Les fleurs du malLas flores del mal
Spleen et idéal
L'Homme et la mer
Homme libre, toujours tu chériras la mer!
La mer est ton miroir; tu contemples ton âme
Dans le déroulement infini de sa lame,
Et ton esprit n'est pas un gouffre moins amer.
Tu te plais à plonger au sein de ton image;
Tu l'embrasses des yeux et des bras, et ton coeur
Se distrait quelquefois de sa propre rumeur
Au bruit de cette plainte indomptable et sauvage.
Vous êtes tous les deux ténébreux et discrets:
Homme, nul n'a sondé le fond de tes abîmes;
Ô mer, nul ne connaît tes richesses intimes,
Tant vous êtes jaloux de garder vos secrets!
Et cependant voilà des siècles innombrables
Que vous vous combattez sans pitié ni remords,
Tellement vous aimez le carnage et la mort,
Ô lutteurs éternels, ô frères implacables!
Las flores del mal
Spleen e ideal
El hombre y el mar
¡Hombre libre, siempre adorarás el mar!
El mar es tu espejo; contemplas tu alma
En el desarrollo infinito de su oleaje,
Y tu espíritu no es un abismo menos amargo.
Te complaces hundiéndote en el seno de tu imagen;
La abarcas con ojos y brazos, y tu corazón
Se distrae algunas veces de su propio rumor
Al ruido de esta queja indomable y salvaje.
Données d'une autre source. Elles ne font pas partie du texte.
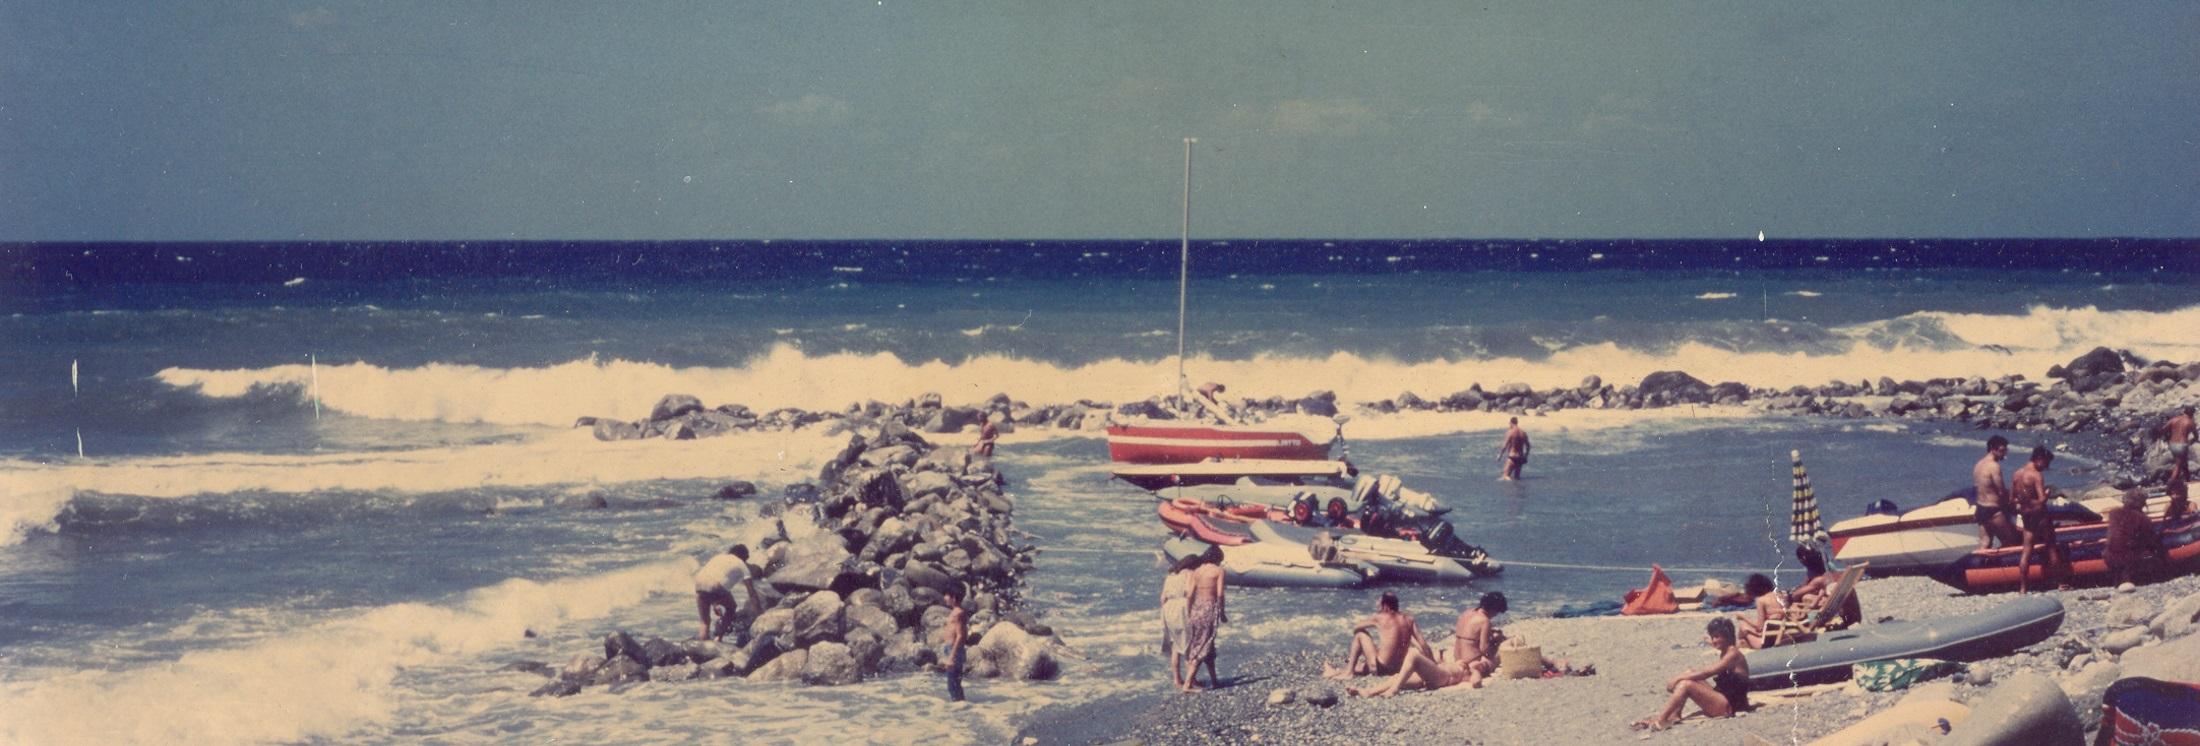 spiaggiaeporticiolo (2)

Ambos sois tenebrosos y discretos:
Hombre, nadie ha sondeado el fondo de tus abismos,
¡Oh, mar, nadie conoce tus tesoros íntimos,
Tan celosos sois de guardar vuestros secretos!
Y empero, he aquí los siglos innúmeros
En que os combatís sin piedad ni remordimiento,
Tanto amáis la carnicería y la muerte,
¡Oh, luchadores eternos, oh, hermanos implacables!